◆ **Assignment**
Write out each line below precisely, passing over the pictures.
━━ Material provided ━━
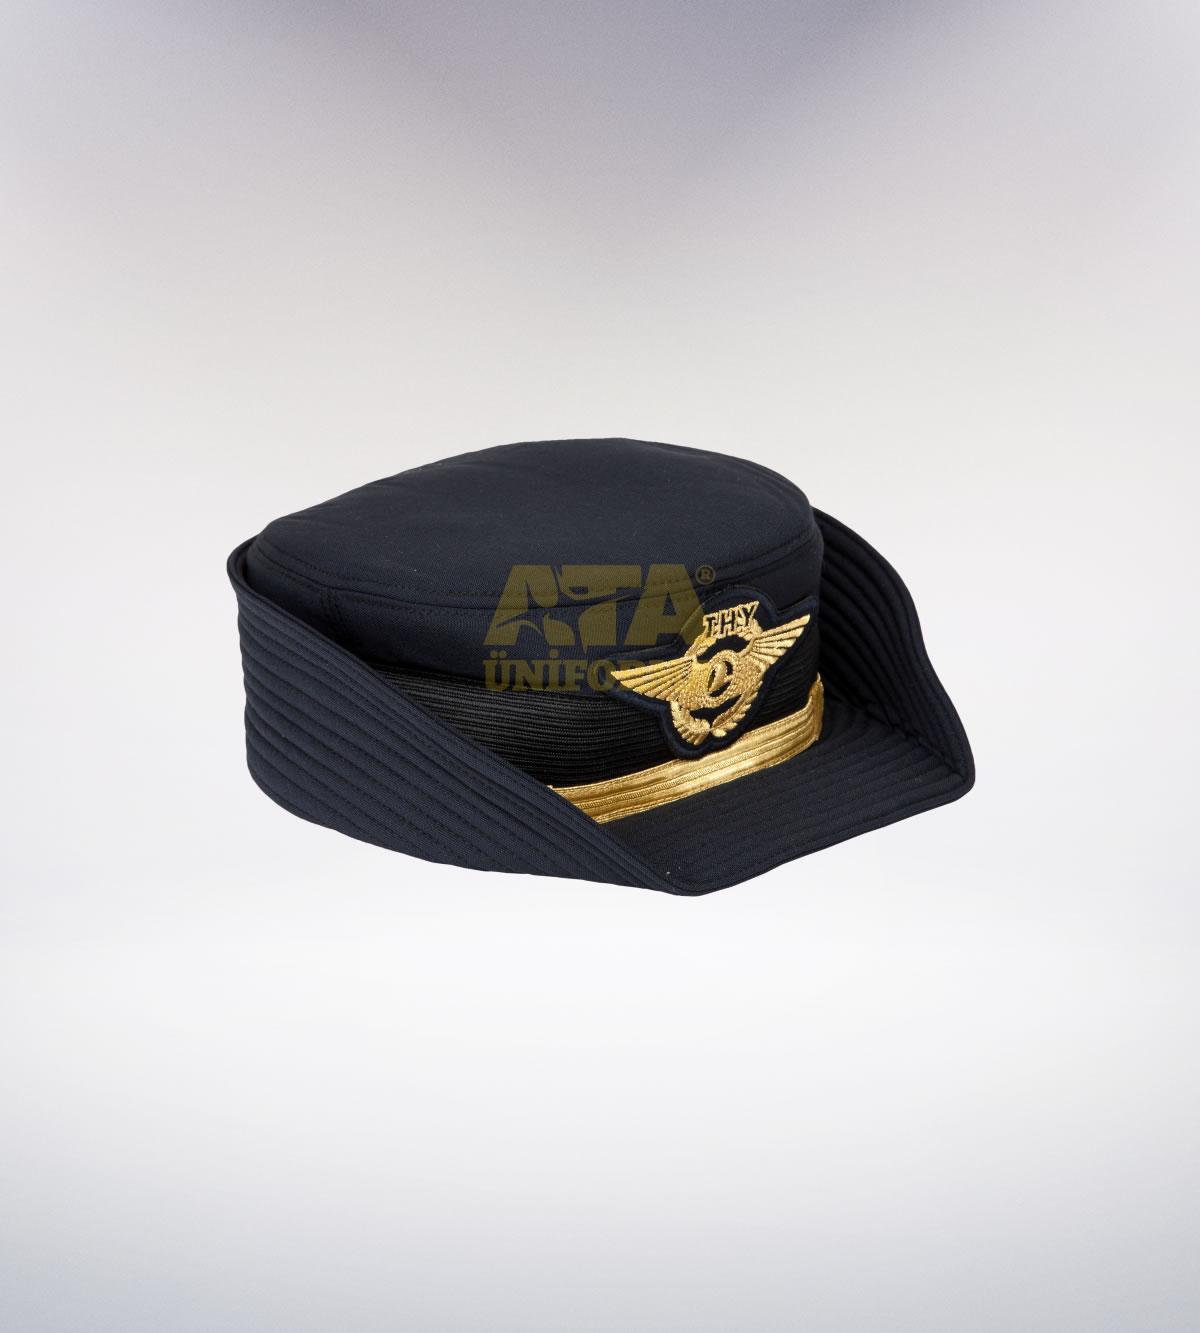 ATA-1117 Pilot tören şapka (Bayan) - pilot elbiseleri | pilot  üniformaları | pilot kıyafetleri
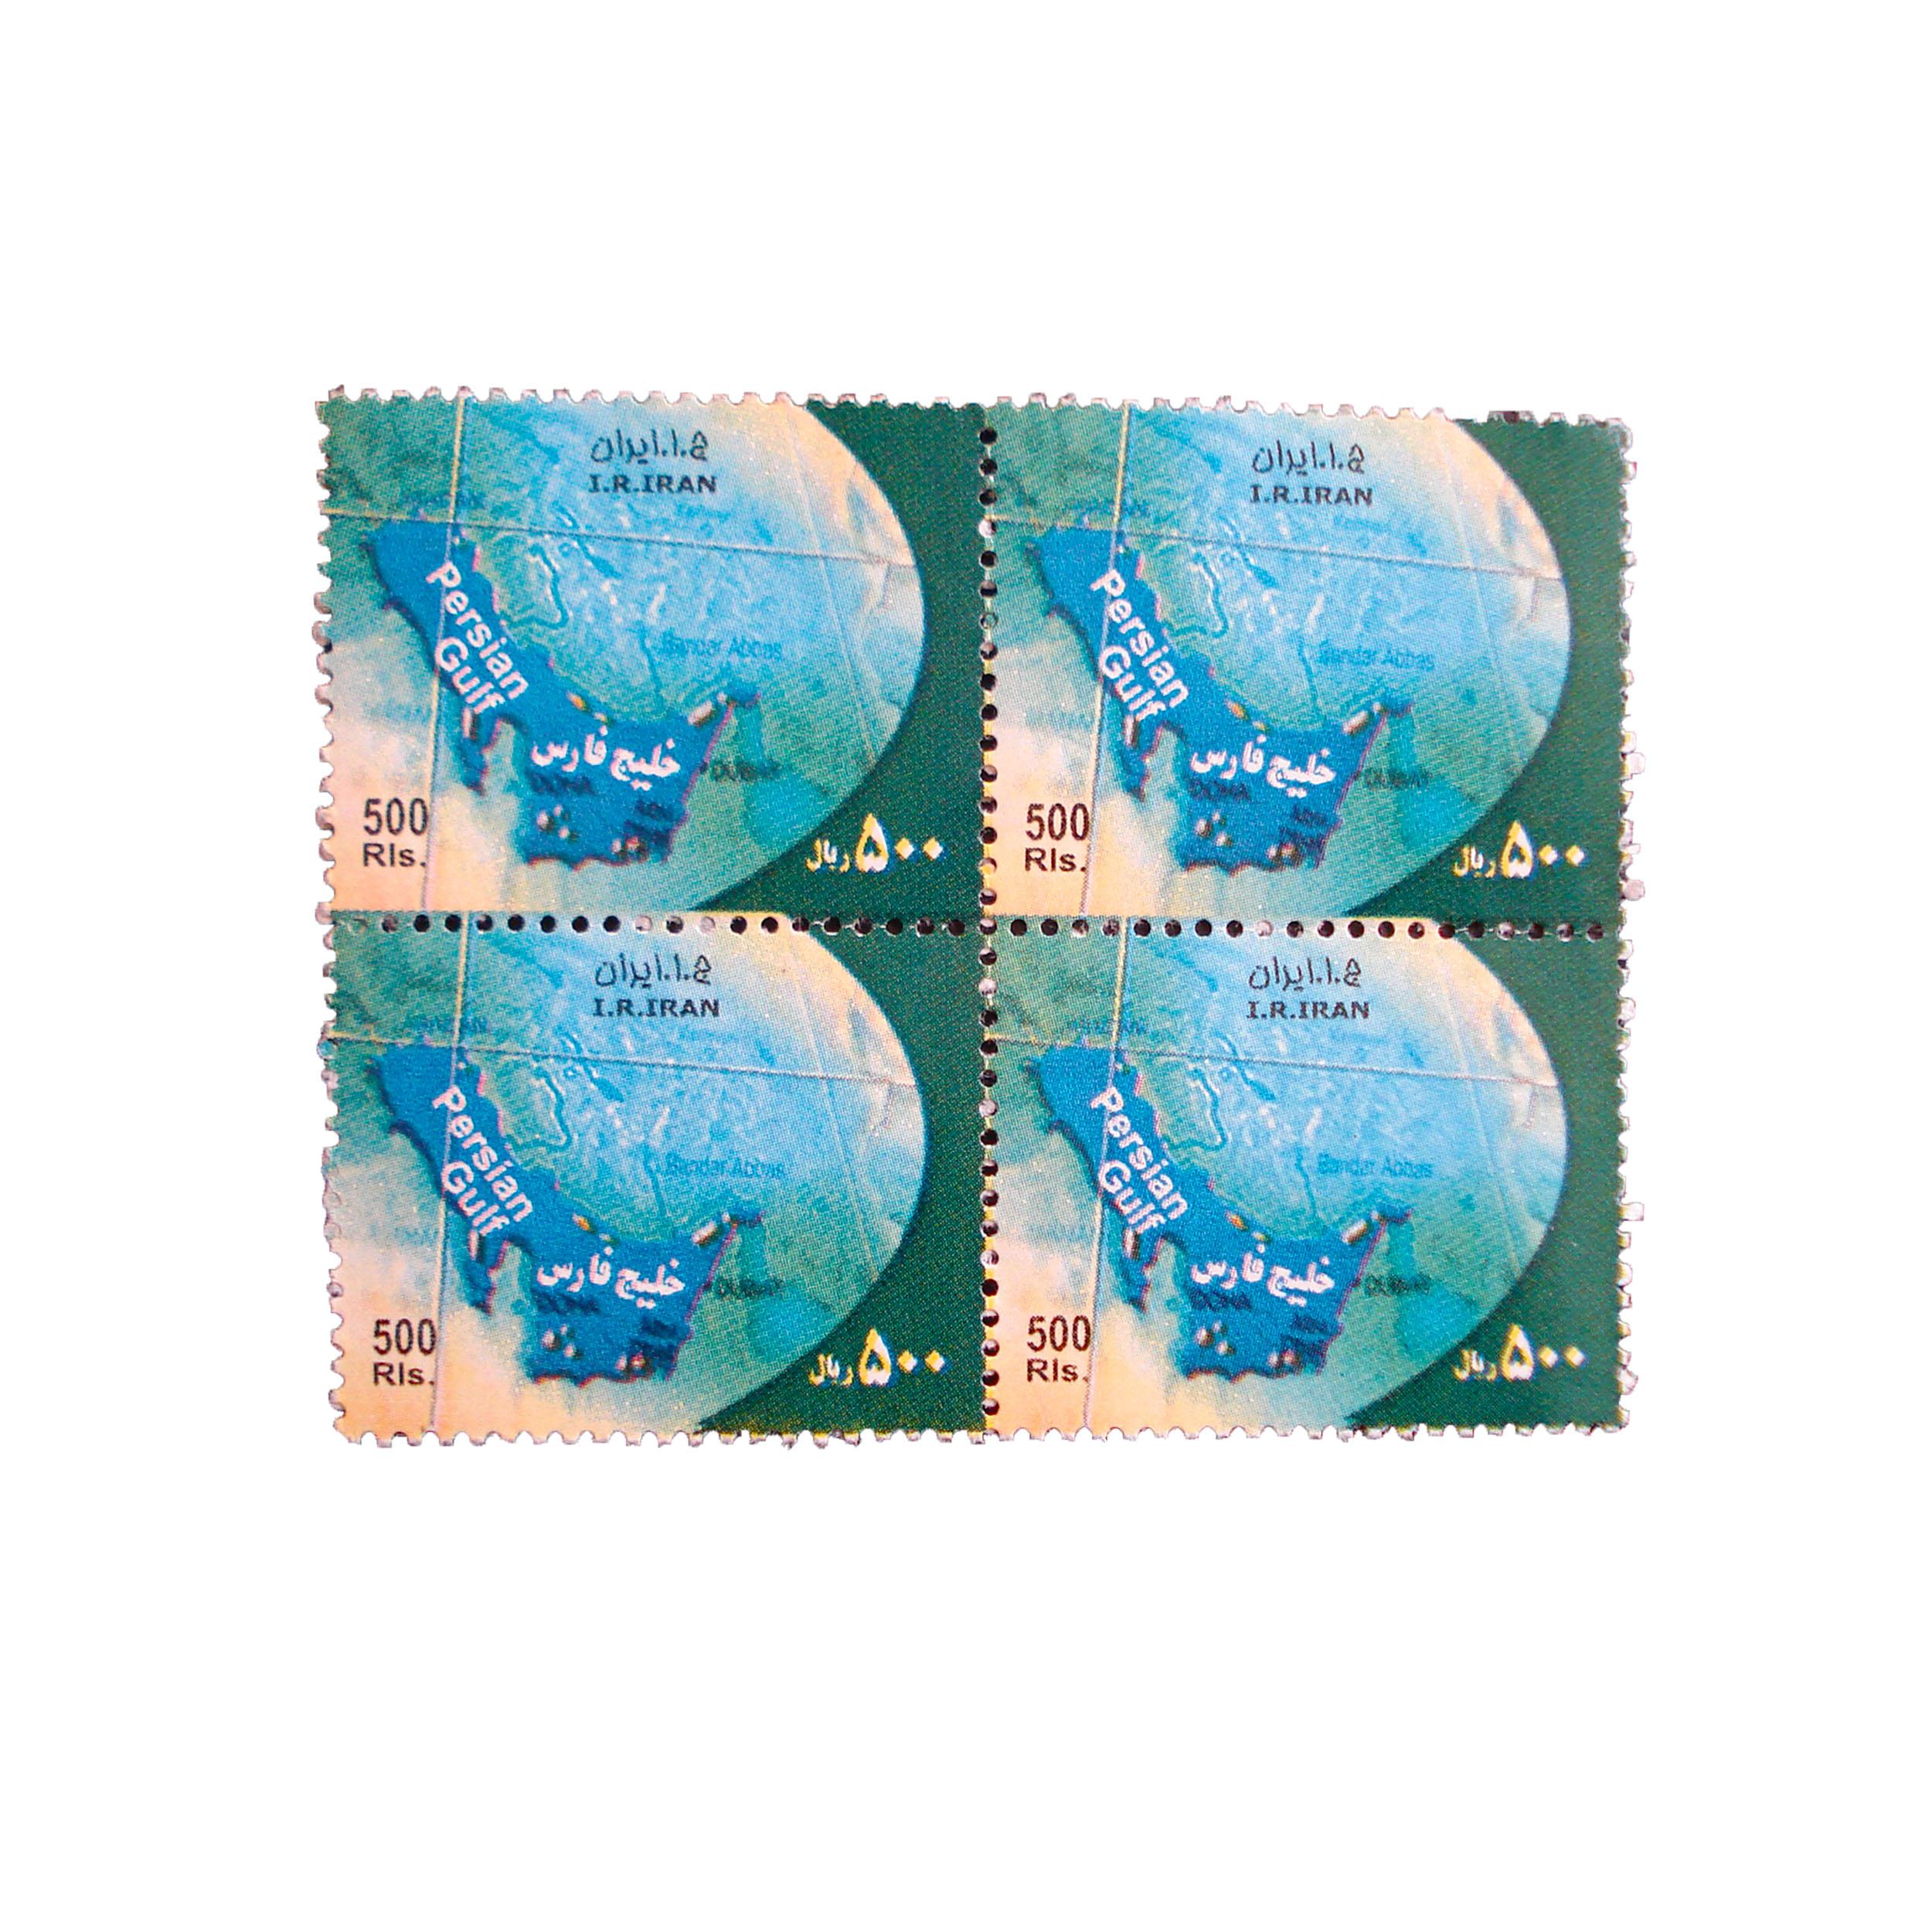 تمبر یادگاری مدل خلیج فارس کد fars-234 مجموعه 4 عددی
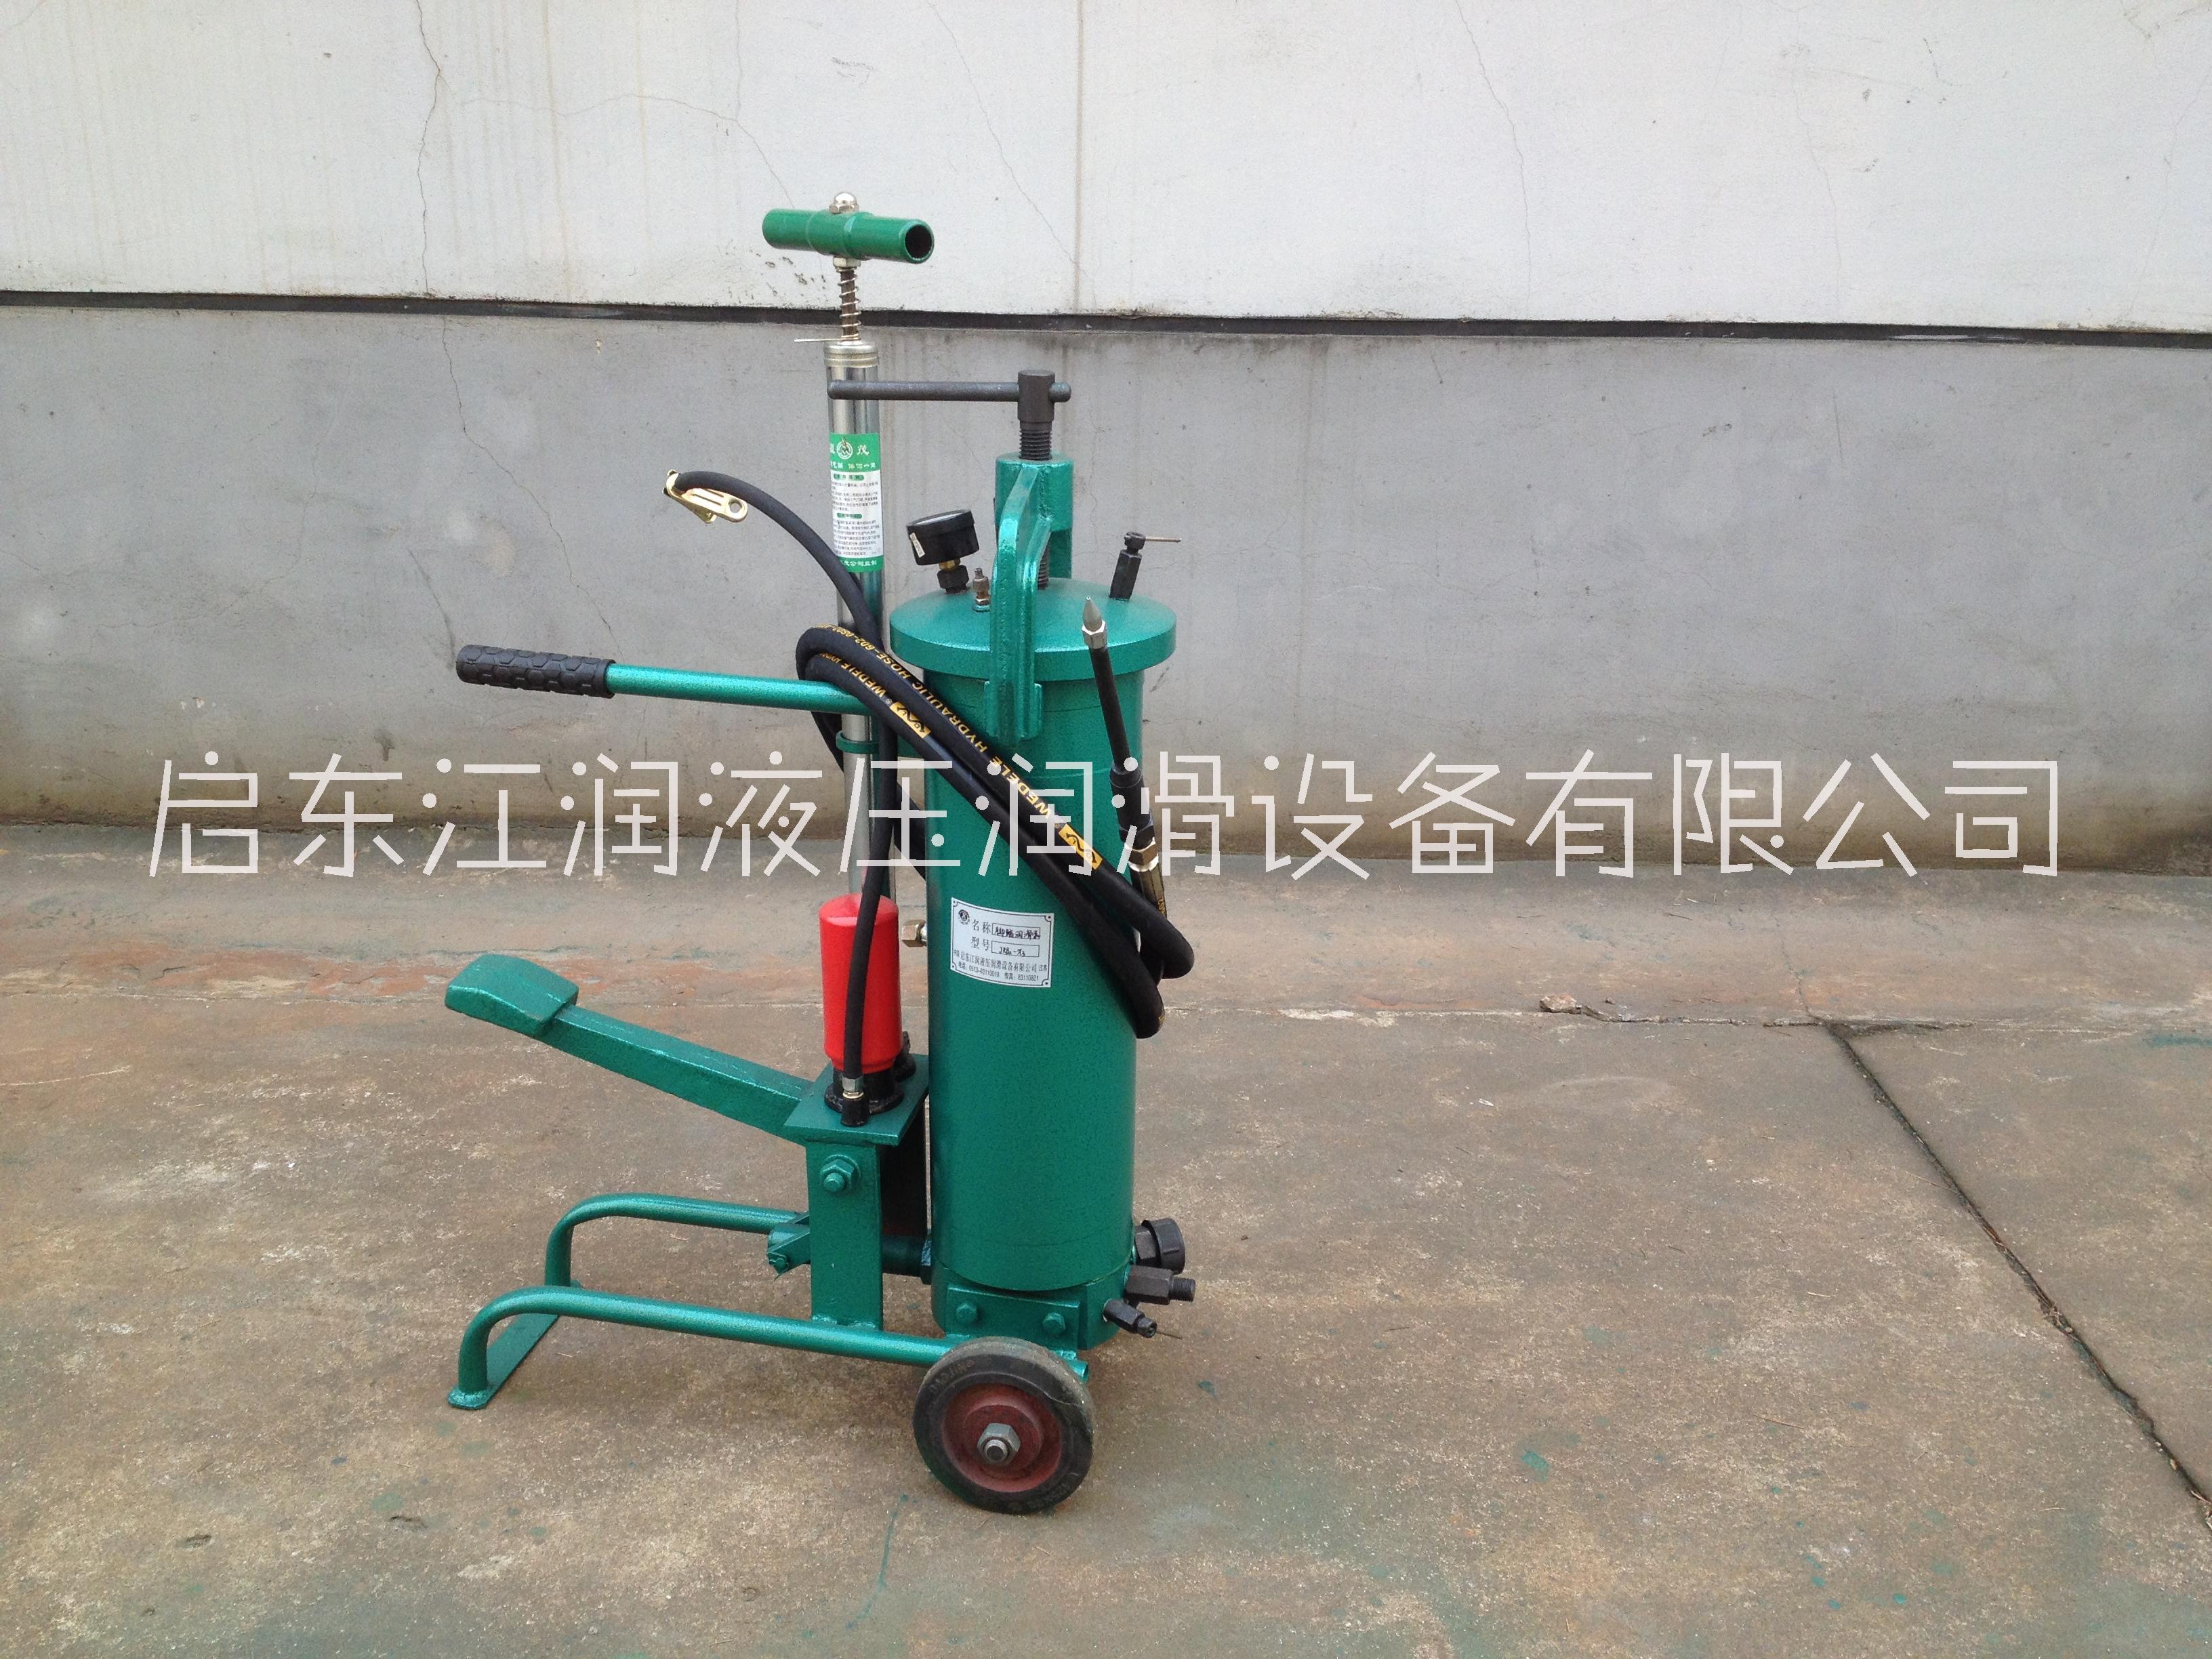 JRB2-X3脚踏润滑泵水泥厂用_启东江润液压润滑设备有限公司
━━━
◆ **Output**
 ATA-1117 Pilot tören şapka (Bayan) - pilot elbiseleri | pilot  üniformaları | pilot kıyafetleri
 تمبر یادگاری مدل خلیج فارس کد fars-234 مجموعه 4 عددی
 JRB2-X3脚踏润滑泵水泥厂用_启东江润液压润滑设备有限公司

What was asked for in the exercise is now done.